-------- SUPPLIED INFORMATION

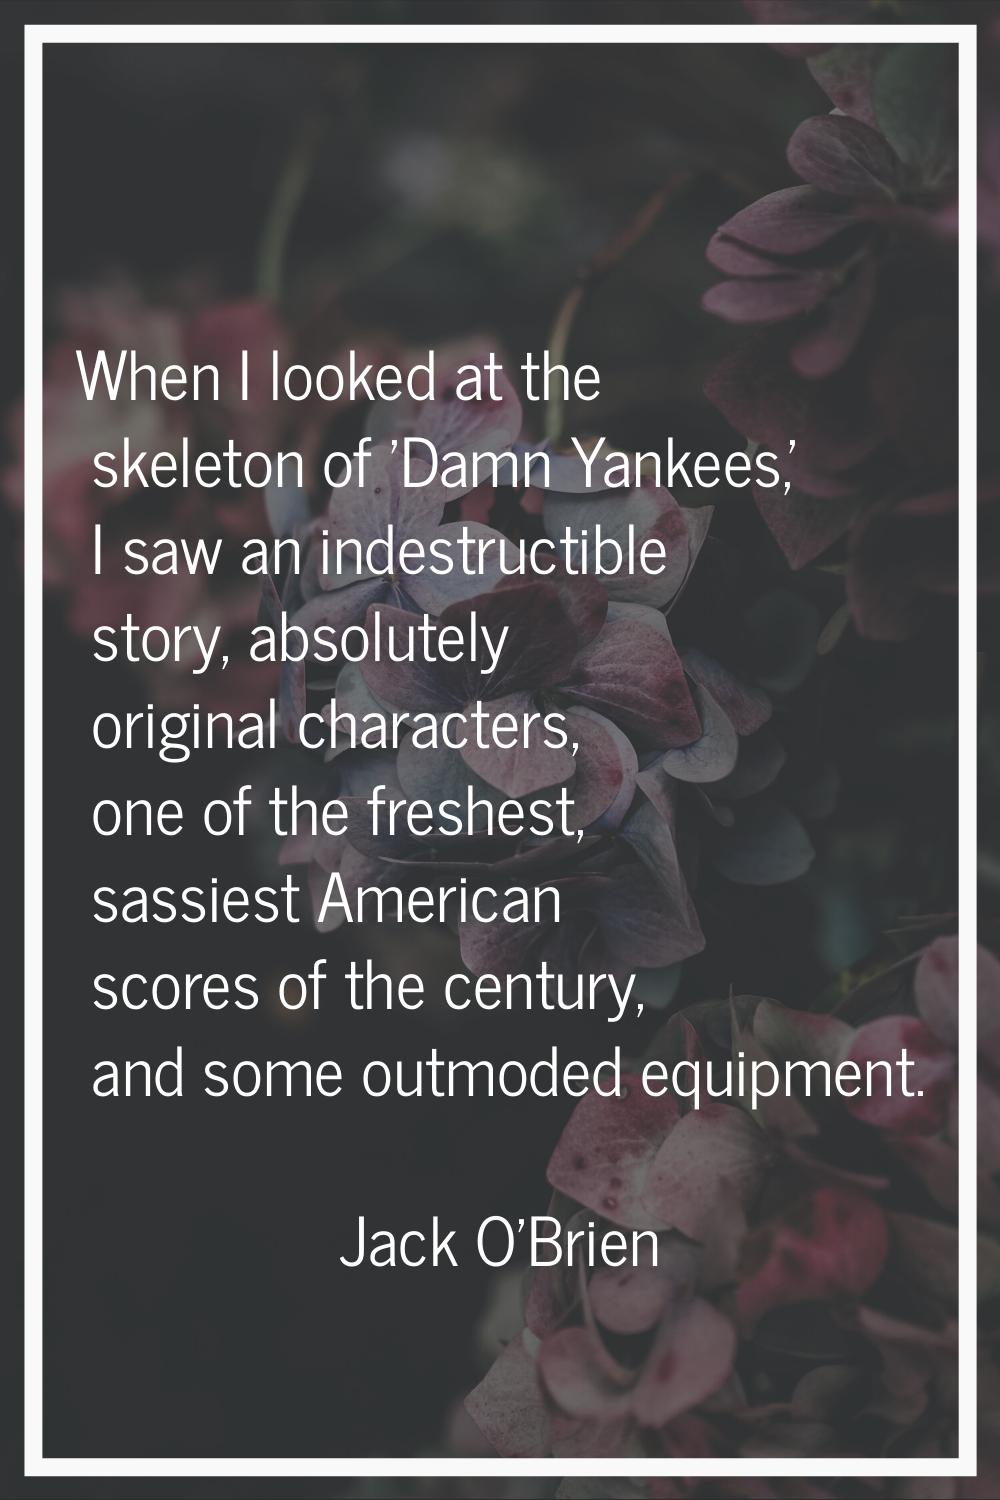 When I looked at the skeleton of 'Damn Yankees,' I saw an indestructible story, absolutely original
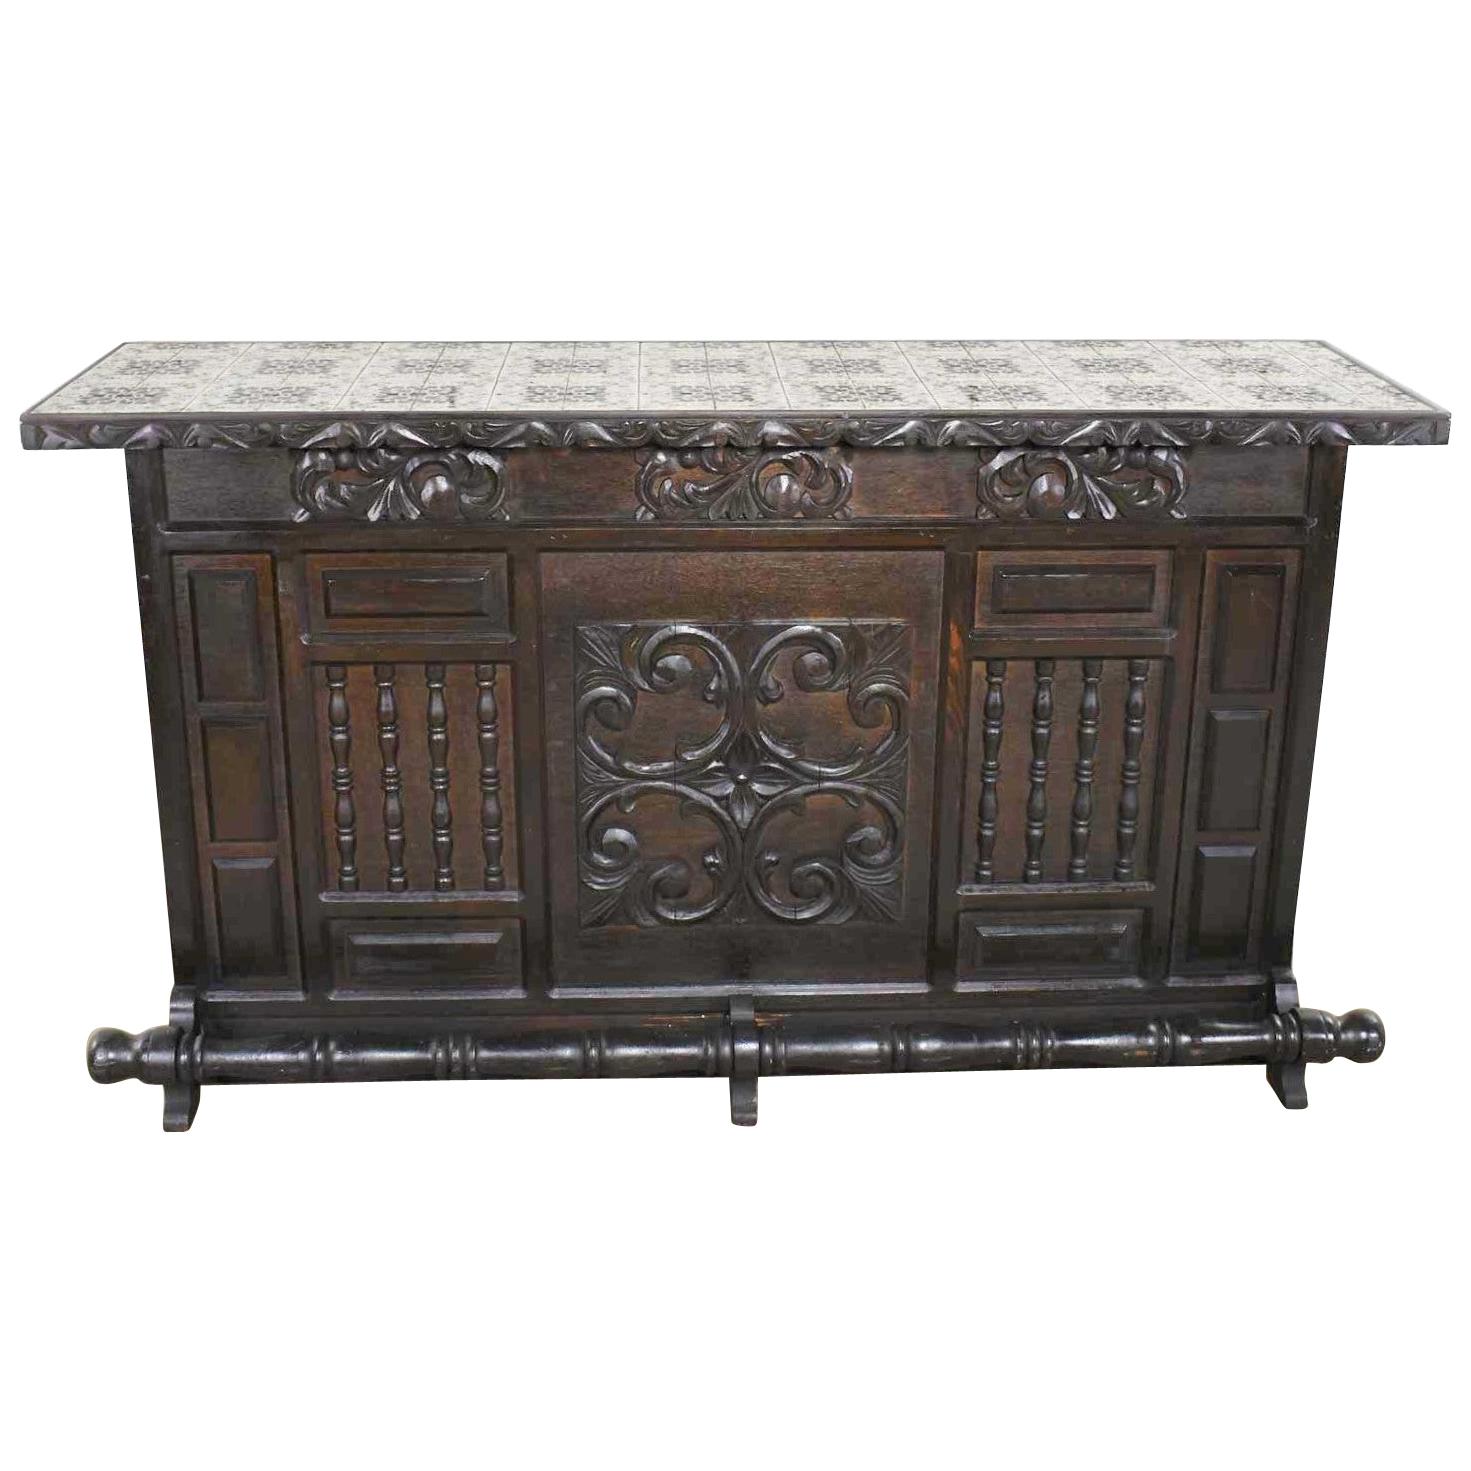 Spanish Revival Style Dry Bar with Inlaid Tile Top in Style Artes de Mexico
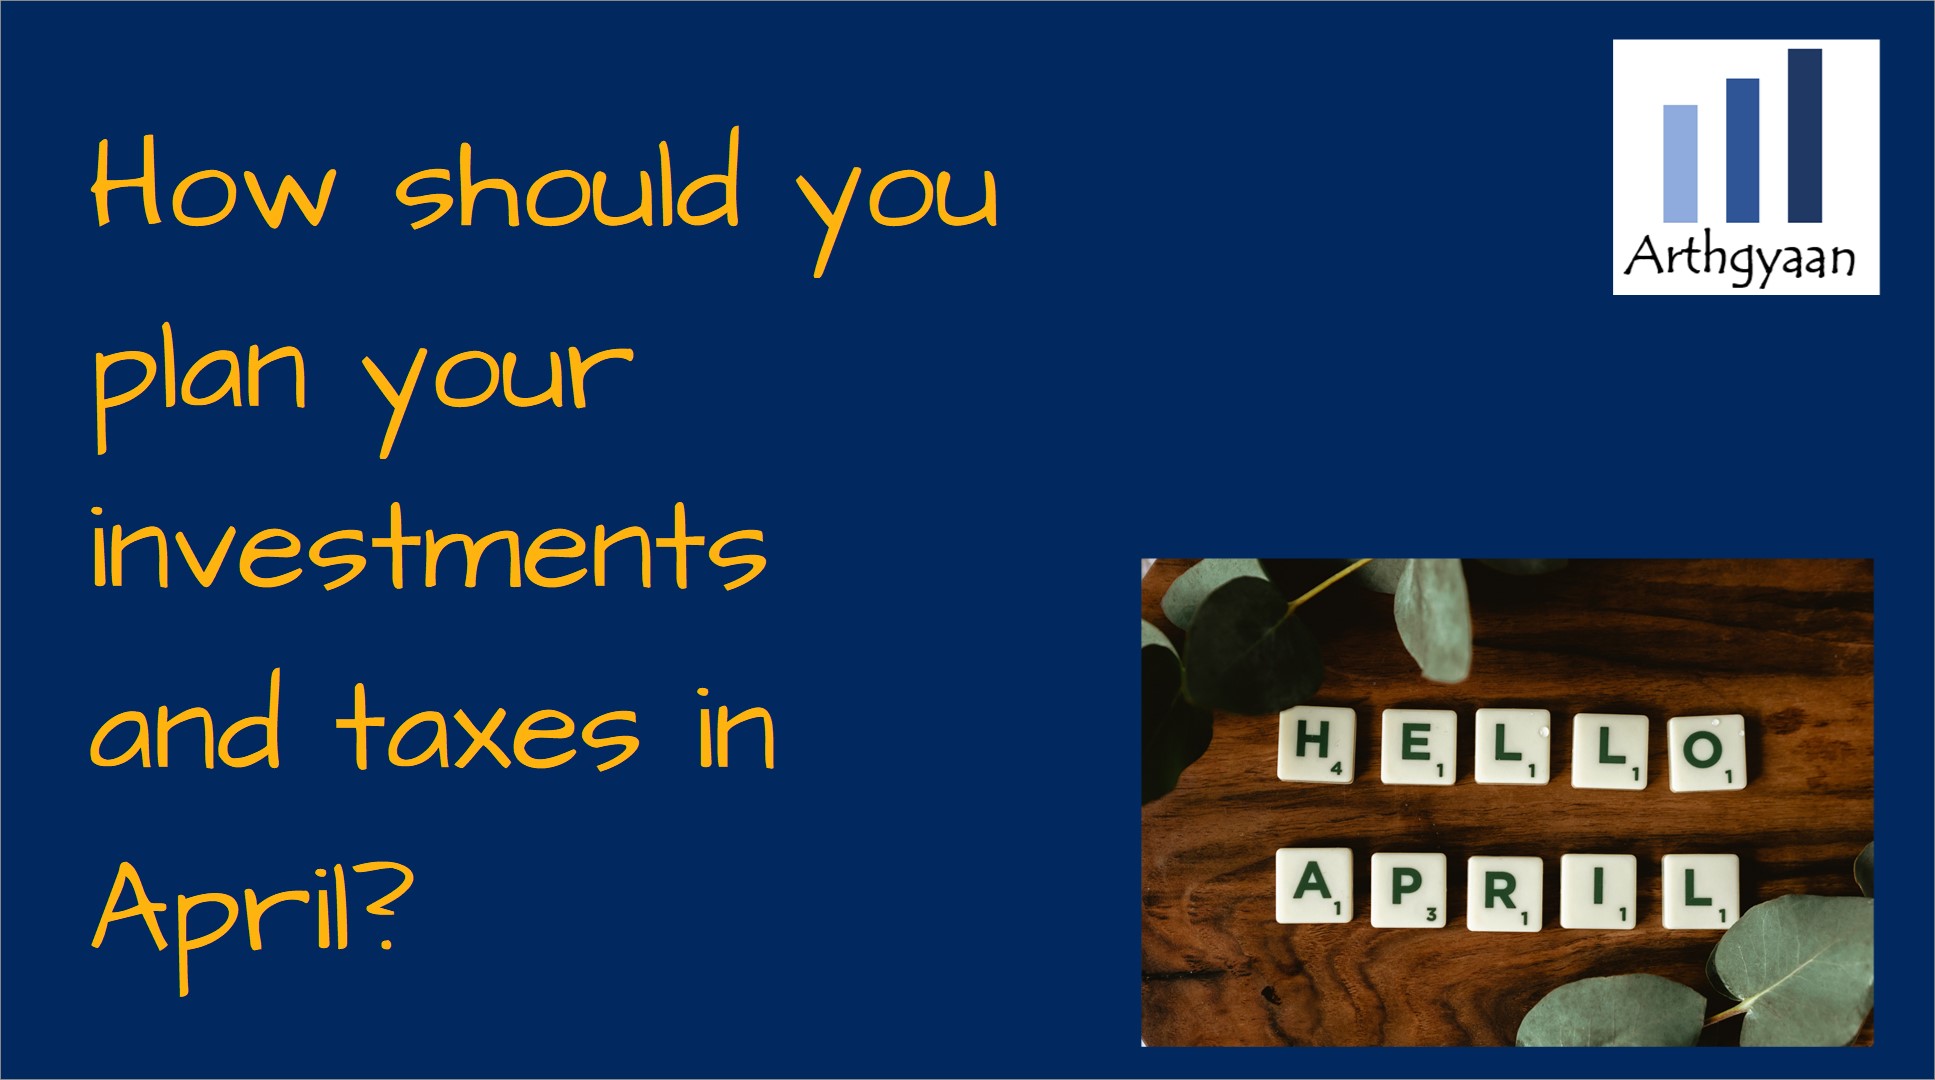 How should you plan your investments and taxes in April?
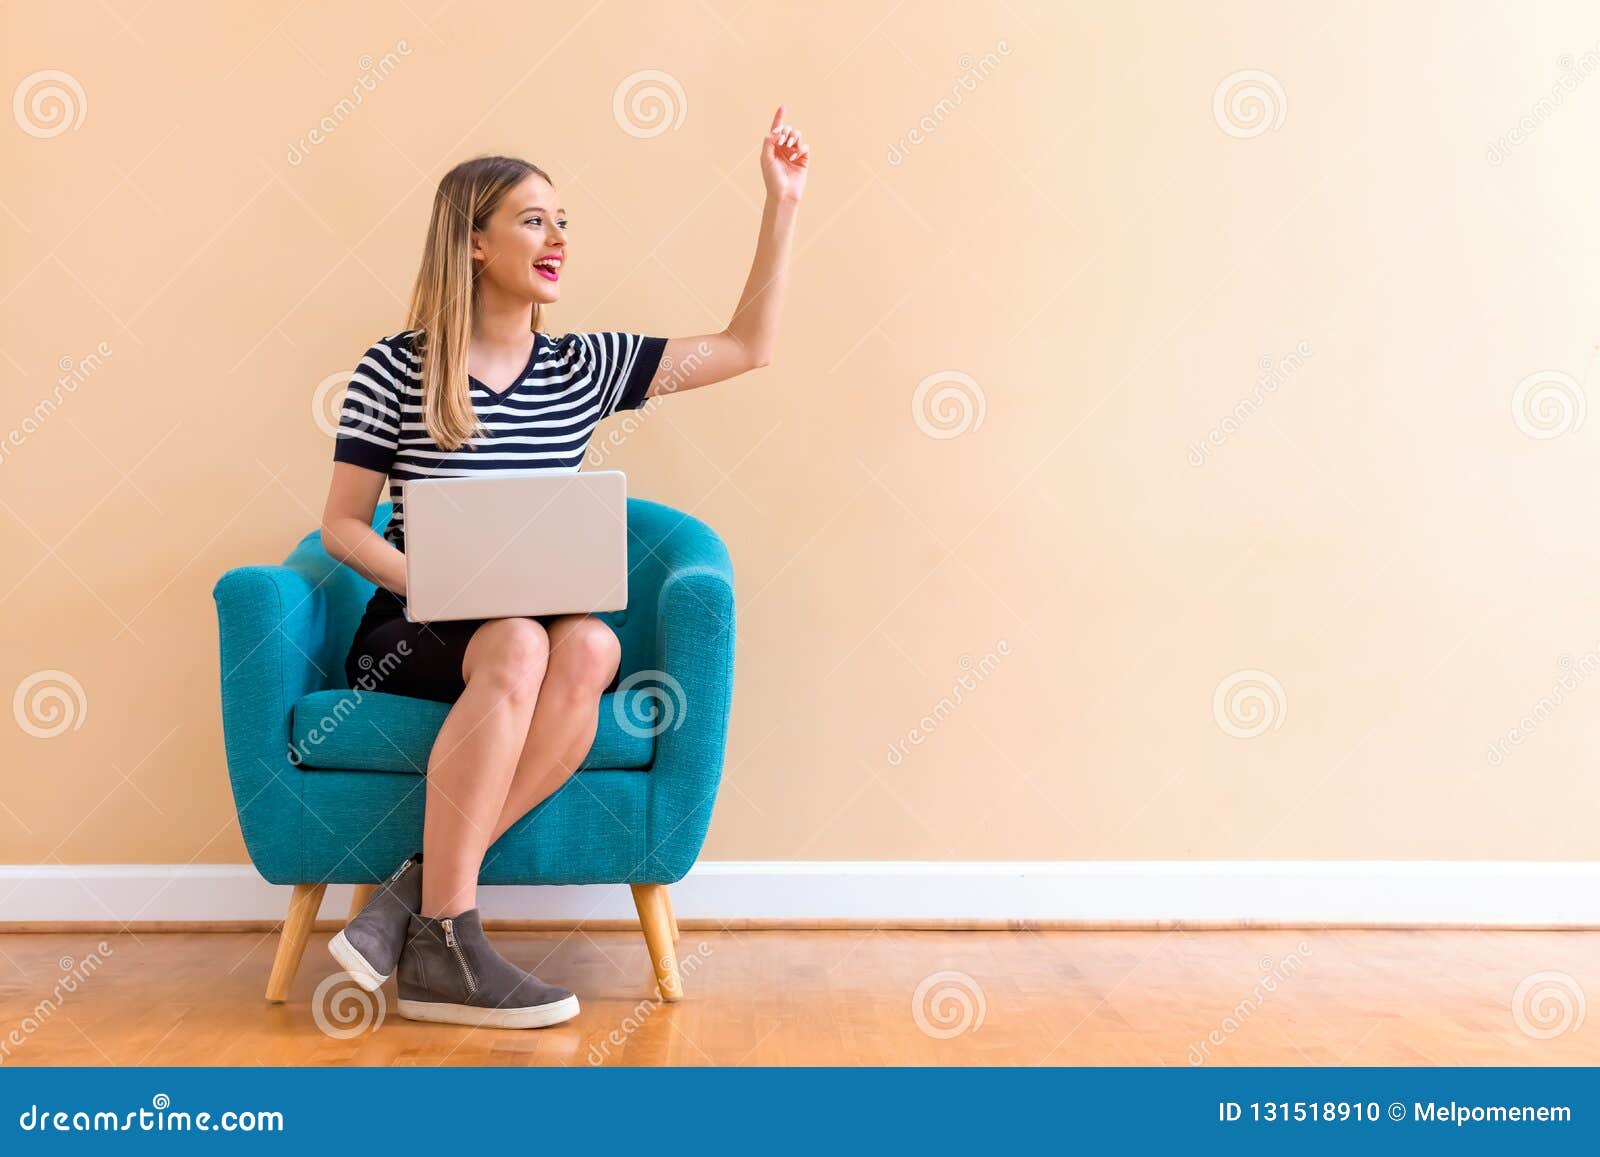 young woman with a laptop computer pointing something

----------------

TASK REQUIREMENTS: Once the pictures are dropped, repeat the data above exactly.

TASK RESPONSE:
 When I looked at the skeleton of 'Damn Yankees,' I saw an indestructible story, absolutely original
 Spanish Revival Style Dry Bar with Inlaid Tile Top in Style Artes de Mexico
 How should you plan your investments and taxes in April?
 young woman with a laptop computer pointing something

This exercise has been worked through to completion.